Sunday, March 27, 2005

The Last Days of Disco

I'm still in Kolkata, hanging with Bengali's, the so-called French of India. Politics are progressive-- actually I'm fairly sure the Marxist party rules West Bengal--and nearly all the (admittedly upper class) couples I've met have married for love. But it's all relative. I still haven't seen a single cow in the city, but a herd of goats crossed the (residential) street as we trotted down to find this iWay cyber cafe.

We've made a stab at seeing the sights, despite the thick, intensifying heat. Today we strolled through the oh-so-British Victoria Memorial gardens, under parasols; yesterday we browsed book stands on College Street, then had strong coffees in the no-frills but evidently popular Worker's Cooperative Coffee Shop. A crowd of cerebral-looking Bengali chatted and smoked cigarettes under the high ceiling.
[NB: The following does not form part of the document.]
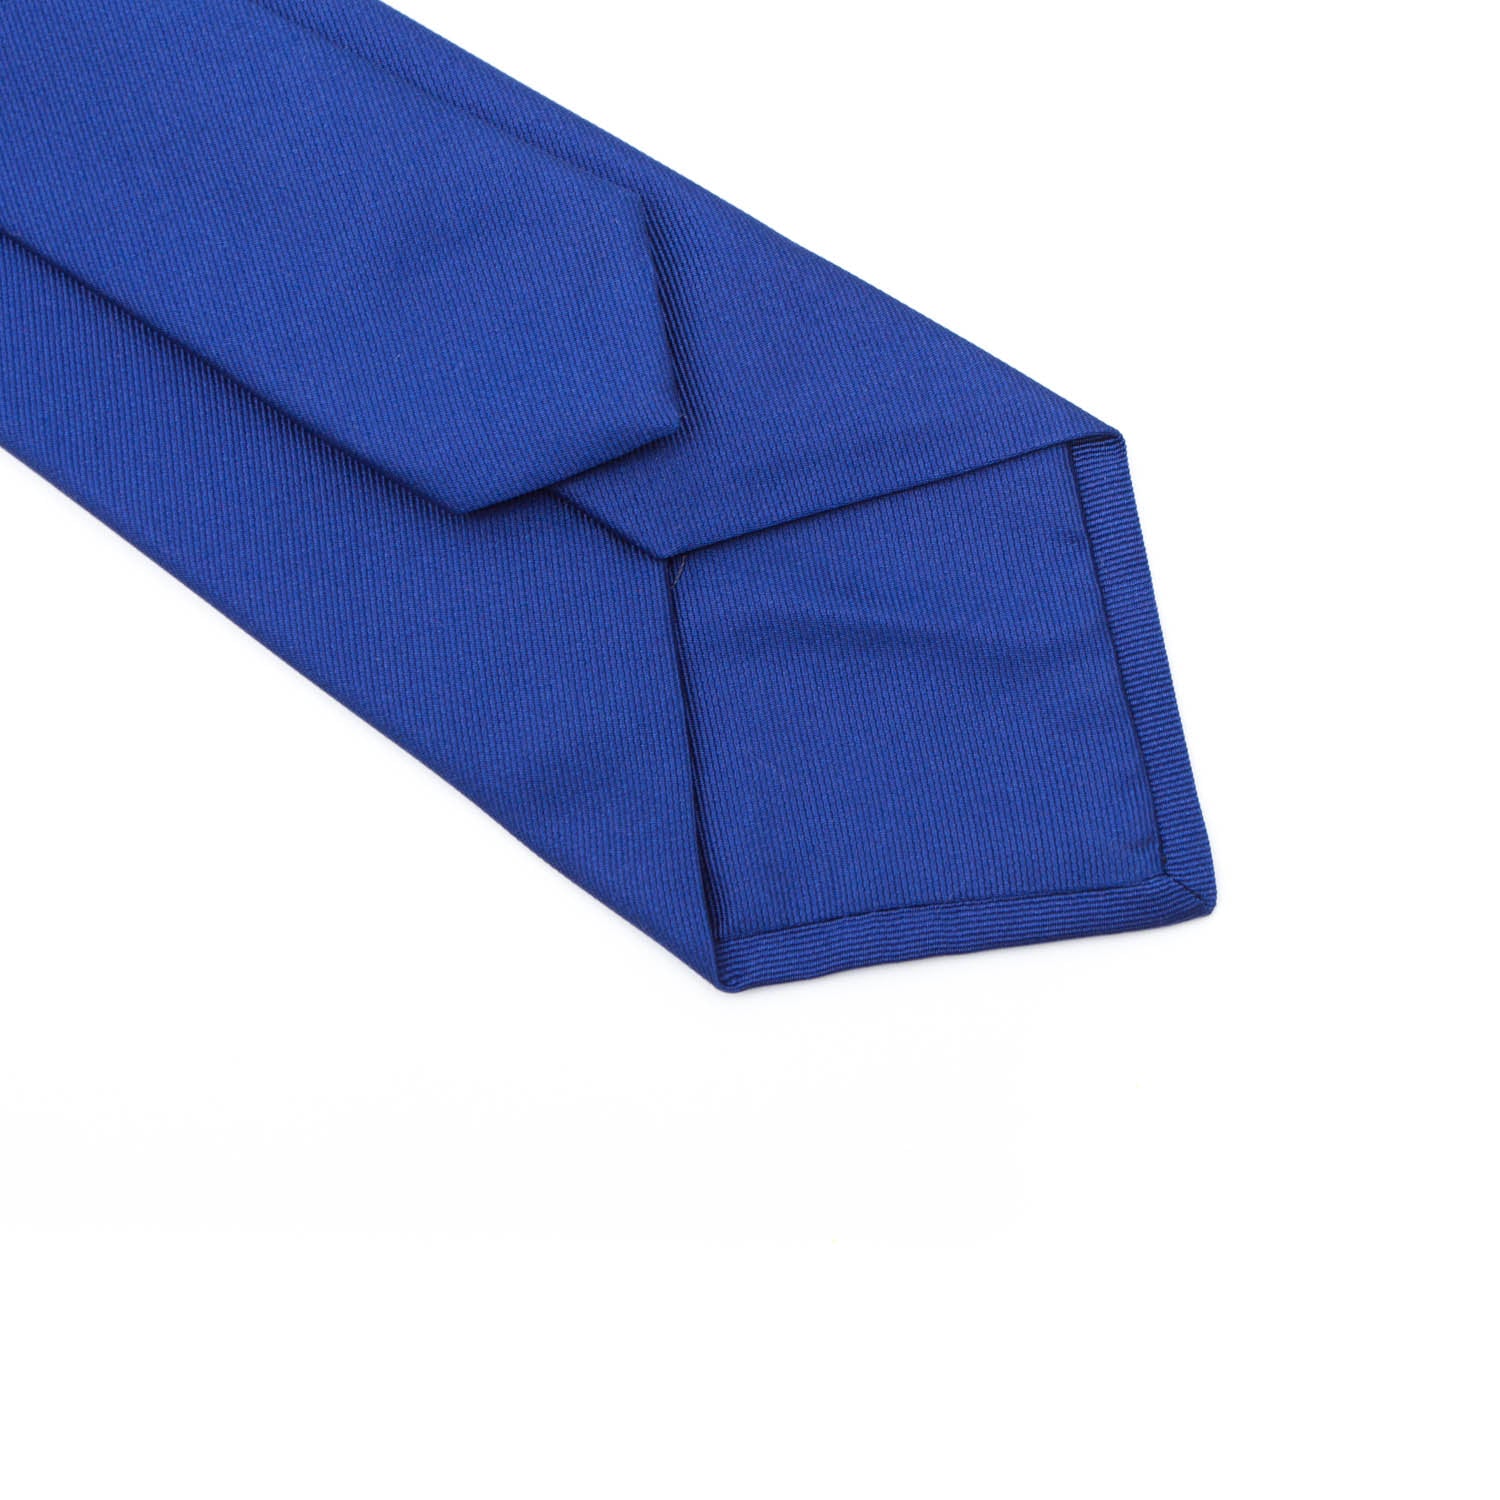 A Sovereign Grade Blue Satin Tie from KirbyAllison.com.

But aside from this, we've met with a lot of closed signs, and the vague half explanations so typical to this country. The lovely Eden Gardens are shut indefinitely due to some military dispute over ticket price (according to the sign, shockingly printed in English). North Kolkata's Marble Palace is closed all weekend because of Holi, according to the guard, who did let us walk into the marvelously overgrown grounds after we slipped him a 100 note. The marble mansion is falling apart, in a glamorous, "very Mrs. Havisham" way, in the words of our friend Sita. Sita is an ex-Veerni volunteer visiting Kolkata in the name of research. She's writing a detective novel set partly here and partly in London, where she lives.

After this dead end, we gave up on chugging through the smoggy evening in our Ambassador taxi. Sita retired to the deliciously kitschy Fairlawn Hotel, where the lobby is surrounded by cascading Christmas lights, plastic leaves and faux fruit. Jess and I headed to a party at a friend's flat and then... to the "Disc"! The boite de nuit, inexplicably called Dublin, was tucked in the basement of the Sheraton, near the airport. The interior was swank, the dance floor was packed, the beats were thumping--bhangra, classic Bollywood, and ohmygod, at the end, Usher and Biggy. Our Bengali pals showed off their stuff, too; even the bespectacled engineers were working it. We closed the place at 3am, dripping in sweat.

Good times, good times... But unfortunately, I have to do some writing of my own. I'm headed to sequester myself in Darjeeling in a couple days, a cool hill station where I'm hoping to bang out text for an article due in a few weeks.